Thanks for the thorough review! I've addressed all three points:

  1. Redirect handling: Already covered: both fetch_url() and check_may_autonomously_fetch_url() use follow_redirects=False, so httpx won't follow redirects to internal endpoints like http://169.254.169.254/.

  2. Octal/hex IP encoding: Already covered: _parse_obfuscated_ip() handles decimal (2130706433), octal (017700000001), hex (0x7f000001), and mixed dotted formats (0x7f.0.0.1). All are tested in TestIPObfuscationParsing and TestSSRFProtection::test_blocks_ip_obfuscation.

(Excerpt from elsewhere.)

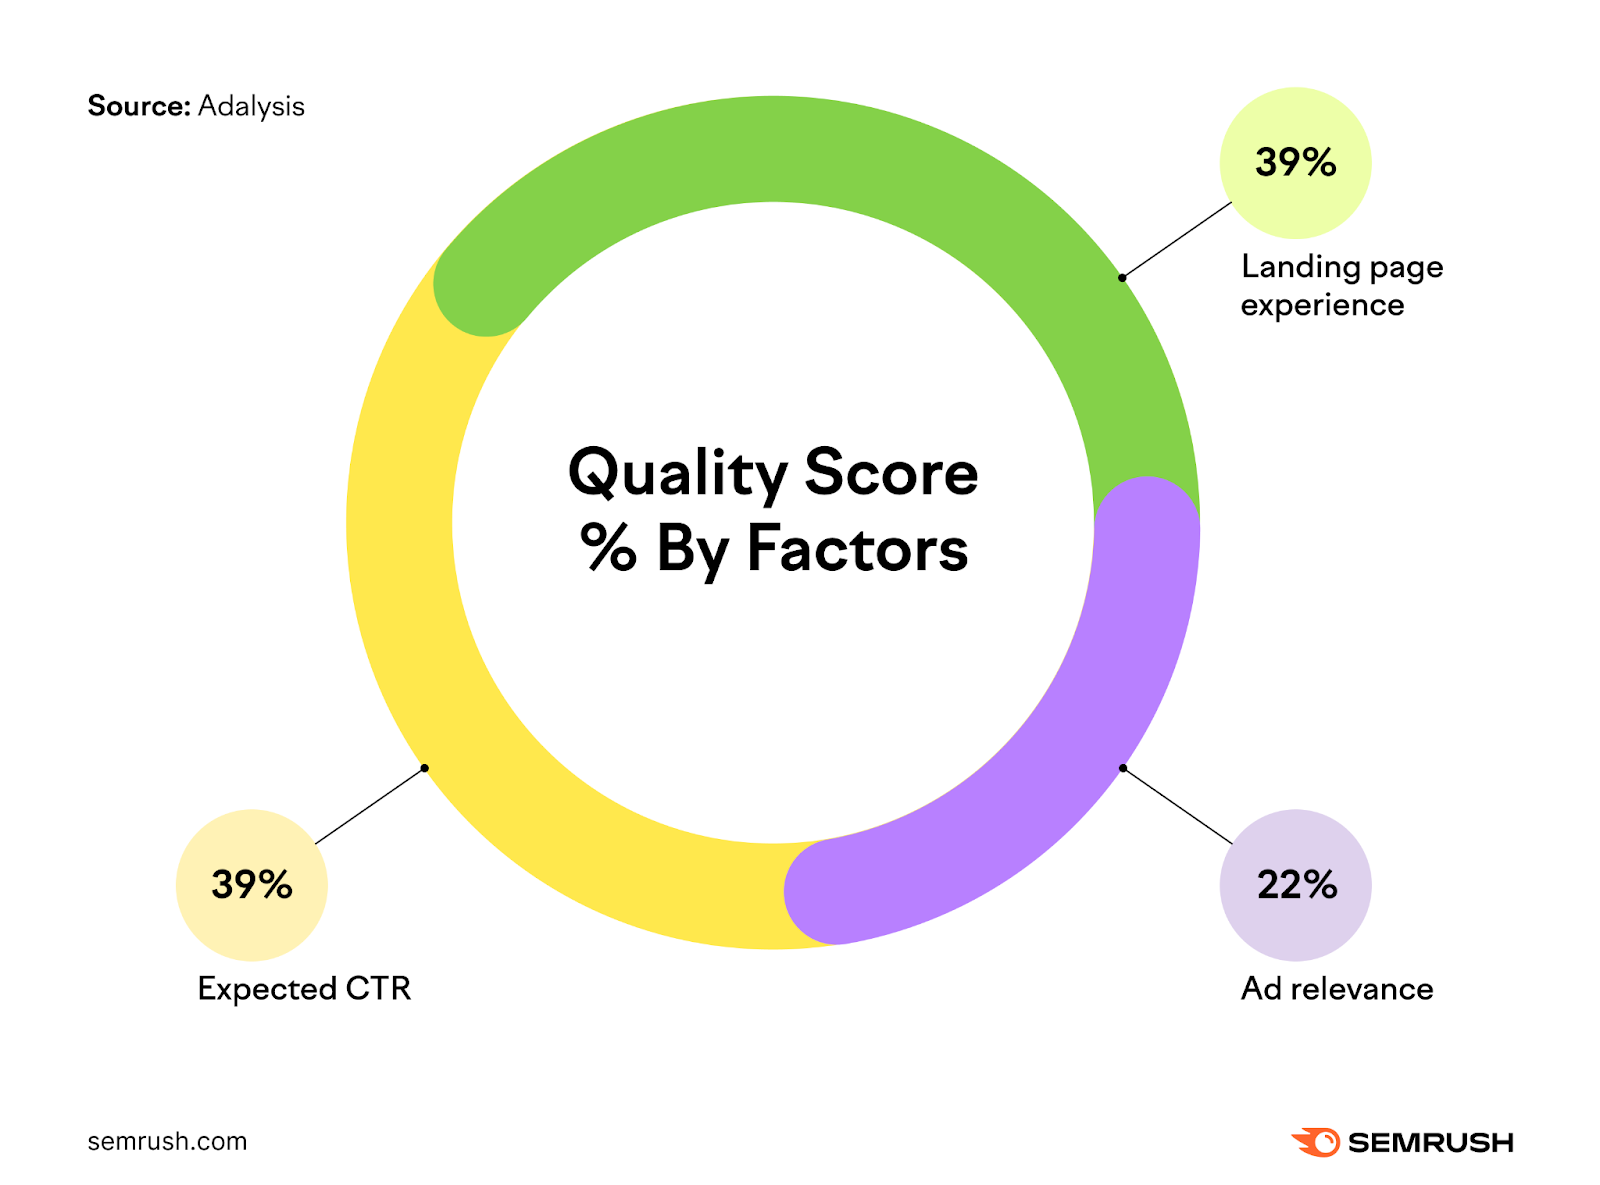 An infographic showing quality score % by factors: expected CTR (39%), landing page experience (39%) and ad relevance (22%)

  3. DNS rebinding TOCTOU: Fixed. Added SSRFSafeTransport, a custom AsyncBaseTransport wrapper that:

Resolves DNS at connection time
Validates the resolved IP against private/reserved ranges
Replaces the hostname in the URL with the validated IP (preserving the Host header)
Eliminates the TOCTOU window between validate_url_for_ssrf() and the actual HTTP connection
Added 6 new tests in TestDNSRebindingProtection, including a full attack scenario simulation where DNS returns a public IP during validation but a private IP at connection time.

All 115 tests passing. Appreciate the feedback, the DNS rebinding point was a great catch.